The good news is that, because PGP is a mechanical joint problem rather than a hormonal problem, it can usually be treated effectively by ‘hands-on’ manual therapy from a physiotherapist, osteopath or chiropractor experienced in treating PGP.
PGP is treatable at any stage of pregnancy, or postnatally as soon as you feel able to visit a manual therapist. The therapist gently uses their hands to release stiff or ‘stuck’ pelvic joints and relieve painful muscles, restoring normal movement to your pelvis and reducing your pain.
Exercises, mobility aids and pain-relieving medication can help you to manage some of the symptoms of PGP but they do not address the underlying cause of your pain, your pelvic joint dysfunction. Often, a high degree of pain prevents muscles from working properly so, regardless of how much you exercise, your muscles are unlikely to function correctly. However, once your pelvic joints and muscles are treated with manual therapy and move more freely (normally), thus reducing your pain, exercises are important to help to strengthen the muscles supporting your pelvis, and mobility aids and pain relief can help to manage symptoms between treatments.
For more information about the correct treatment for PGP please read our ‘What to expect from treatment’ page.
Please note: unfortunately, many NHS and private manual therapists do not know how to effectively treat PGP using manual therapy techniques. If your PGP does not improve after each treatment, then it is important to try another therapist, as you may not be receiving the best treatment available.

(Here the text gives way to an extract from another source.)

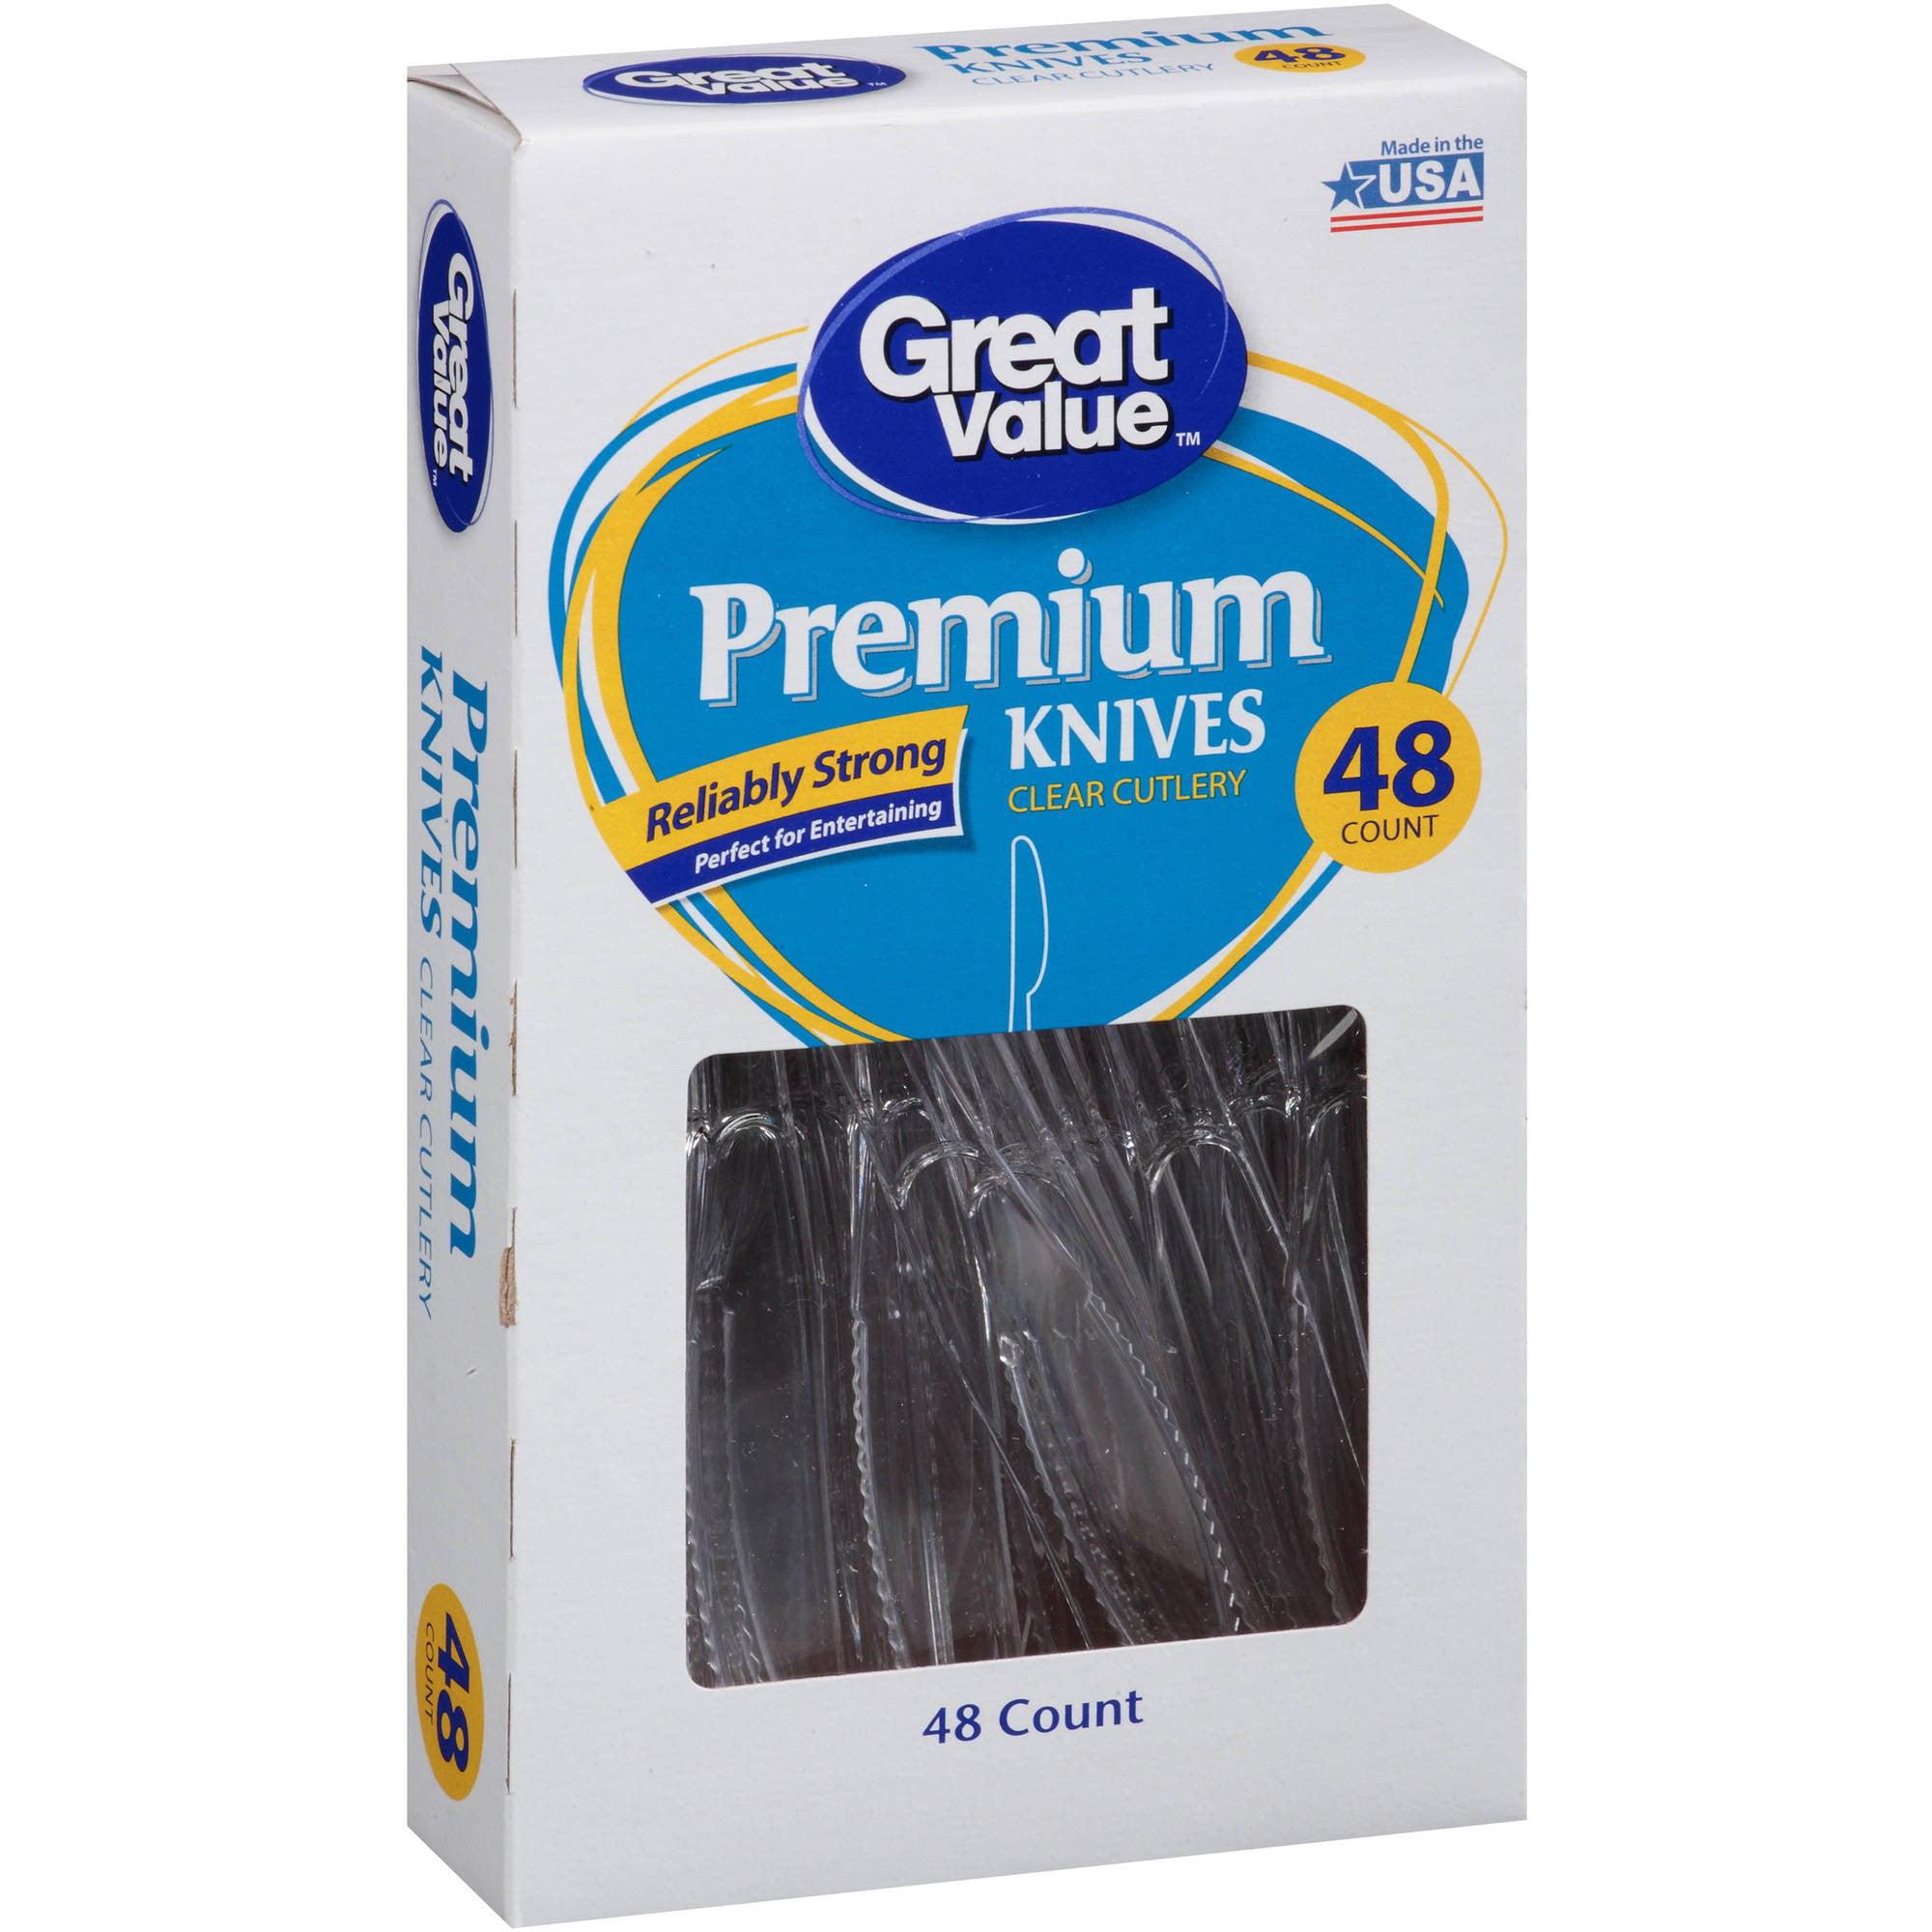 Great Value Premium Knives, 48 Ct

For information about why you may not be improving following manual therapy treatment please visit our ‘What to do if treatment is not helping’ web page.
If you are told that it is too early or too late in your pregnancy to do anything, or that treatment is not effective during pregnancy and you have to wait until you have had the baby, or that you are too acute to treat, or that your symptoms are too mild to worry about, it is worth getting another opinion. Ask to be referred on to someone who has experience of treating PGP in pregnancy, or look for private treatment if this is an option for you.